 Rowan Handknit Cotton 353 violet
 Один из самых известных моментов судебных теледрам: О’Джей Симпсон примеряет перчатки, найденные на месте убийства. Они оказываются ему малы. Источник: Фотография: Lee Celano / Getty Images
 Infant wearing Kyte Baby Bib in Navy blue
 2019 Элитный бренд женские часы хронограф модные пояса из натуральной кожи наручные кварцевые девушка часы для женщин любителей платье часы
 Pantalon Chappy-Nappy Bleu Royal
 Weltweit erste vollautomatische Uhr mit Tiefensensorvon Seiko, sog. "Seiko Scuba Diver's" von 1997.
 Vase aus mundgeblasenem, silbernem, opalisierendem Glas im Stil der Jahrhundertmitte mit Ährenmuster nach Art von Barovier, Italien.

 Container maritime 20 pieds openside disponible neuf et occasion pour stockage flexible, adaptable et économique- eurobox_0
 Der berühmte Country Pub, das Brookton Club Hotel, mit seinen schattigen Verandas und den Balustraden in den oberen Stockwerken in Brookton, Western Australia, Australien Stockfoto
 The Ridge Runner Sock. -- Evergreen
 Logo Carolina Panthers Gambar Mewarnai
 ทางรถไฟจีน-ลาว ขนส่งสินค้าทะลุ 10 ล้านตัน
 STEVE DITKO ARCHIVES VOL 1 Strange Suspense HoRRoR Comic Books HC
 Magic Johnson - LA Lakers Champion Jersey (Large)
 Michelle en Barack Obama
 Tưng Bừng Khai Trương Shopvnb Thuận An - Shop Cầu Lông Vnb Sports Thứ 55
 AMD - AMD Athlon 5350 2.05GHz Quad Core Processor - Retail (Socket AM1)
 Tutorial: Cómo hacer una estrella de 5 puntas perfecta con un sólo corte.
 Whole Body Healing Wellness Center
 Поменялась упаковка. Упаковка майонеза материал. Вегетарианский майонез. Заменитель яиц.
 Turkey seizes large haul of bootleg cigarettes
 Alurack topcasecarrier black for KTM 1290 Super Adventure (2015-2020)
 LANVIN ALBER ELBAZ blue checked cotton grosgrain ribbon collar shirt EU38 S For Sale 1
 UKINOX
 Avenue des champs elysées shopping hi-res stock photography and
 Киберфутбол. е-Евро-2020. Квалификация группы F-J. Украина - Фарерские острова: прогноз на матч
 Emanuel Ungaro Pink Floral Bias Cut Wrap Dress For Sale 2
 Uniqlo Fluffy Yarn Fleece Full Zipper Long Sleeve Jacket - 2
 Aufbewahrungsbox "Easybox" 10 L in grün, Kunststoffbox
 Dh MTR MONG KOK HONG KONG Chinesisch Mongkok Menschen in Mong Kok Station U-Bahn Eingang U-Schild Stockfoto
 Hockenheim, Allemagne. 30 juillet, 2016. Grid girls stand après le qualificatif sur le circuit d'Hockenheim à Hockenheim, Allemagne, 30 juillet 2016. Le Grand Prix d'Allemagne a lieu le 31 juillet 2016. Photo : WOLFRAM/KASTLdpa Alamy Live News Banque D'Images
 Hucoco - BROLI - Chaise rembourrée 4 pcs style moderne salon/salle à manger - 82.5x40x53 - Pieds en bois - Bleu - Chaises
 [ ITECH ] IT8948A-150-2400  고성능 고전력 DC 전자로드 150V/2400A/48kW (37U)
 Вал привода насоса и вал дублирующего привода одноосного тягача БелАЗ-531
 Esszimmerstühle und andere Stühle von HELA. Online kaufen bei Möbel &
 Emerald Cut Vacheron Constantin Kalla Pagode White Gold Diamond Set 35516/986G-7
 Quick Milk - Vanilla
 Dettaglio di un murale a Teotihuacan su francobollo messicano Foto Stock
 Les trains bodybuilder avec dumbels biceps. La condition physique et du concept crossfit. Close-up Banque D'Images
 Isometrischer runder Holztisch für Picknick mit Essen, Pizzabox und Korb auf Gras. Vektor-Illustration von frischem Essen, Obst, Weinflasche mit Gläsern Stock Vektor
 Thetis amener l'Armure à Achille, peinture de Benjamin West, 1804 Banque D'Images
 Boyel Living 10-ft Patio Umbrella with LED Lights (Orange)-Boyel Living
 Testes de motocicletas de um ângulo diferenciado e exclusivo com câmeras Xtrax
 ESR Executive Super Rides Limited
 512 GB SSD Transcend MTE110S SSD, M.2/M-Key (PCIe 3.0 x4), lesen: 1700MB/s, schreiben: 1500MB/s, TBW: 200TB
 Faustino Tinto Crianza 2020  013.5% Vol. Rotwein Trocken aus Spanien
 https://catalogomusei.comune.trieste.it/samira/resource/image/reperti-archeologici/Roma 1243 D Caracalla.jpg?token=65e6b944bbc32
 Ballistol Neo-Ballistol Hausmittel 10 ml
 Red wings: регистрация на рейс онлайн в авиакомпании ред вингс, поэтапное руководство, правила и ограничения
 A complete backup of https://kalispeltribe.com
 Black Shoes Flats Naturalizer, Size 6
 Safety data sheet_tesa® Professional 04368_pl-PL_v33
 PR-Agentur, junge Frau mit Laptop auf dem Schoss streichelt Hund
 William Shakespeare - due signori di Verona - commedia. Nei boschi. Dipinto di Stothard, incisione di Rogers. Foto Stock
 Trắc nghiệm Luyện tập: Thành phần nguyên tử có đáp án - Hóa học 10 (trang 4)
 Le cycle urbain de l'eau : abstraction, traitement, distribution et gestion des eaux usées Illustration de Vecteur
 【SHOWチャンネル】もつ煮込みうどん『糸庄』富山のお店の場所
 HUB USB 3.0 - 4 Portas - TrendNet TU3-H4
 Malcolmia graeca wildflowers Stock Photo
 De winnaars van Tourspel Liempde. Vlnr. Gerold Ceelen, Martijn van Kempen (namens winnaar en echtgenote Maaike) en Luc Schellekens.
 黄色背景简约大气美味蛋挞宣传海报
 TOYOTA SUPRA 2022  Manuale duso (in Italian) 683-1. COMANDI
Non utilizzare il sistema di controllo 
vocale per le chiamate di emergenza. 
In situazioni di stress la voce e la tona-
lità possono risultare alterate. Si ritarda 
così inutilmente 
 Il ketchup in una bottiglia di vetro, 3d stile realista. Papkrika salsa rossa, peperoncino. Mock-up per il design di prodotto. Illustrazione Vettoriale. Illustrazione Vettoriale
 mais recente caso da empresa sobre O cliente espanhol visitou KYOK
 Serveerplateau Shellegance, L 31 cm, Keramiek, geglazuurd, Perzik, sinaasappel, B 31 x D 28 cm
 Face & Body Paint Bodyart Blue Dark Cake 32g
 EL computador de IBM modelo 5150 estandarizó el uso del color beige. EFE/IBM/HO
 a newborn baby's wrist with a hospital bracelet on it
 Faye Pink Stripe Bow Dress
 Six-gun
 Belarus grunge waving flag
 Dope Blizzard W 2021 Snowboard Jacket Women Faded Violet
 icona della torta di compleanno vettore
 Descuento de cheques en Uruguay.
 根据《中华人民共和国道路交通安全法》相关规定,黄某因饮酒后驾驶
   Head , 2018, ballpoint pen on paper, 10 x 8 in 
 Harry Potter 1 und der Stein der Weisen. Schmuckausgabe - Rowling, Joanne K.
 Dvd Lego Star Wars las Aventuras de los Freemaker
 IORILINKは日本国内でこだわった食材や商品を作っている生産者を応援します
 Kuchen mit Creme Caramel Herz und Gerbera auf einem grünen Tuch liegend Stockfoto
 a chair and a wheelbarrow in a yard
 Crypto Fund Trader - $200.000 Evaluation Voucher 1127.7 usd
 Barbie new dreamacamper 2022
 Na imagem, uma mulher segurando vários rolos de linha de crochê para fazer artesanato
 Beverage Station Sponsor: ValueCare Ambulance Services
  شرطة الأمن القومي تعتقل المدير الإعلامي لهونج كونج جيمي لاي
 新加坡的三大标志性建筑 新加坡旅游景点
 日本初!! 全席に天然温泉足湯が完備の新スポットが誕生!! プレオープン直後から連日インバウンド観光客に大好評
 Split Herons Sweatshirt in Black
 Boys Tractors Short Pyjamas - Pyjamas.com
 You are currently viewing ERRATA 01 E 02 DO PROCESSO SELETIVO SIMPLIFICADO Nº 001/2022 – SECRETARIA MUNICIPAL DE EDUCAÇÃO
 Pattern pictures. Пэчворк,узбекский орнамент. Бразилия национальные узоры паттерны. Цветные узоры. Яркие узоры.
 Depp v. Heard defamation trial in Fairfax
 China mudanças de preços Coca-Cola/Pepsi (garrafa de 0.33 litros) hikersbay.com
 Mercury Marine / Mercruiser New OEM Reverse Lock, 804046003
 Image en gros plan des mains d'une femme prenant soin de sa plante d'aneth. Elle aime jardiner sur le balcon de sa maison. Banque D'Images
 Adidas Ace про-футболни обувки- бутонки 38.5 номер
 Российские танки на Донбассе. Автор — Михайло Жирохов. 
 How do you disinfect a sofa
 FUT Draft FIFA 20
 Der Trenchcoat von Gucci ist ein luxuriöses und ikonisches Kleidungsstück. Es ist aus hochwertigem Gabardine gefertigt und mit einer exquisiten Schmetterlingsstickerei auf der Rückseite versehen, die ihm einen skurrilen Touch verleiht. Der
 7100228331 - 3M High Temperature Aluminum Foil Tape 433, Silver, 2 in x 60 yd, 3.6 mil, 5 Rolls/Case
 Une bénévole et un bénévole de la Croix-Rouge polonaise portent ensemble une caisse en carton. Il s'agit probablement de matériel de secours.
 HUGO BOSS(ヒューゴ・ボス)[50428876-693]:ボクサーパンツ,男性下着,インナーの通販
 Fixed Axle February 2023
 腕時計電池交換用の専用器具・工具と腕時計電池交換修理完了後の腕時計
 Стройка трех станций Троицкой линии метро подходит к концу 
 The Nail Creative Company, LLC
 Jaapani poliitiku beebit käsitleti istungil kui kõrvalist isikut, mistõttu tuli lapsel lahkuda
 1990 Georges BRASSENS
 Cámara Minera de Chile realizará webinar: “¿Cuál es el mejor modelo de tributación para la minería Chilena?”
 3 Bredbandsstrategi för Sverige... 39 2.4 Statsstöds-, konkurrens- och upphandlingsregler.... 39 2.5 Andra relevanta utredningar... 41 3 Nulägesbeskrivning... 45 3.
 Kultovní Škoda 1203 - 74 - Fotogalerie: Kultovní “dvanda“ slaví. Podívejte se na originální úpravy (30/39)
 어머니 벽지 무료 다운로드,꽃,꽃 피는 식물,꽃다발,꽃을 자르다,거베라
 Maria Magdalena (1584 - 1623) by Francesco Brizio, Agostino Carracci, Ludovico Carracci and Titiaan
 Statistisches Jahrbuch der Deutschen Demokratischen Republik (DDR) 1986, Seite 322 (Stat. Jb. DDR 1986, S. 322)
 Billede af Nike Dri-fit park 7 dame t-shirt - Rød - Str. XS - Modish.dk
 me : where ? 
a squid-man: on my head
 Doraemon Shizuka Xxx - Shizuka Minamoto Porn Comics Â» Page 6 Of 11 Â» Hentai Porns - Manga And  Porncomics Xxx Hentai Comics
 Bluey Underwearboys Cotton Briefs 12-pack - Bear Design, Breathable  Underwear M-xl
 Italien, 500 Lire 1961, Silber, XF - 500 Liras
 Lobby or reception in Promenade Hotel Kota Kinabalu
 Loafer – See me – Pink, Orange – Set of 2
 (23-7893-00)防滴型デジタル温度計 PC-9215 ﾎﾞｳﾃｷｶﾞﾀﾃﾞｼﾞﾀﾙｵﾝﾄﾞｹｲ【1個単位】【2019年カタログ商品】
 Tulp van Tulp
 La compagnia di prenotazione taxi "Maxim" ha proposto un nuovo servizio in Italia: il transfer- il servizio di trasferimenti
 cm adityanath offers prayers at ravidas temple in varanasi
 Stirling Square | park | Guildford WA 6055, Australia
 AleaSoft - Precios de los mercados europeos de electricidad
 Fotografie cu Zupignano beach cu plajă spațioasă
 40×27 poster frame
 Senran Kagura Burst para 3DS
+++++
| Problem to solve |
All lines in the data above from the one with "Вал привода насоса" through the one with "Le cycle urbain" must be repeated exactly, and no others.

| Result of the task |
 Вал привода насоса и вал дублирующего привода одноосного тягача БелАЗ-531
 Esszimmerstühle und andere Stühle von HELA. Online kaufen bei Möbel &
 Emerald Cut Vacheron Constantin Kalla Pagode White Gold Diamond Set 35516/986G-7
 Quick Milk - Vanilla
 Dettaglio di un murale a Teotihuacan su francobollo messicano Foto Stock
 Les trains bodybuilder avec dumbels biceps. La condition physique et du concept crossfit. Close-up Banque D'Images
 Isometrischer runder Holztisch für Picknick mit Essen, Pizzabox und Korb auf Gras. Vektor-Illustration von frischem Essen, Obst, Weinflasche mit Gläsern Stock Vektor
 Thetis amener l'Armure à Achille, peinture de Benjamin West, 1804 Banque D'Images
 Boyel Living 10-ft Patio Umbrella with LED Lights (Orange)-Boyel Living
 Testes de motocicletas de um ângulo diferenciado e exclusivo com câmeras Xtrax
 ESR Executive Super Rides Limited
 512 GB SSD Transcend MTE110S SSD, M.2/M-Key (PCIe 3.0 x4), lesen: 1700MB/s, schreiben: 1500MB/s, TBW: 200TB
 Faustino Tinto Crianza 2020  013.5% Vol. Rotwein Trocken aus Spanien
 https://catalogomusei.comune.trieste.it/samira/resource/image/reperti-archeologici/Roma 1243 D Caracalla.jpg?token=65e6b944bbc32
 Ballistol Neo-Ballistol Hausmittel 10 ml
 Red wings: регистрация на рейс онлайн в авиакомпании ред вингс, поэтапное руководство, правила и ограничения
 A complete backup of https://kalispeltribe.com
 Black Shoes Flats Naturalizer, Size 6
 Safety data sheet_tesa® Professional 04368_pl-PL_v33
 PR-Agentur, junge Frau mit Laptop auf dem Schoss streichelt Hund
 William Shakespeare - due signori di Verona - commedia. Nei boschi. Dipinto di Stothard, incisione di Rogers. Foto Stock
 Trắc nghiệm Luyện tập: Thành phần nguyên tử có đáp án - Hóa học 10 (trang 4)
 Le cycle urbain de l'eau : abstraction, traitement, distribution et gestion des eaux usées Illustration de Vecteur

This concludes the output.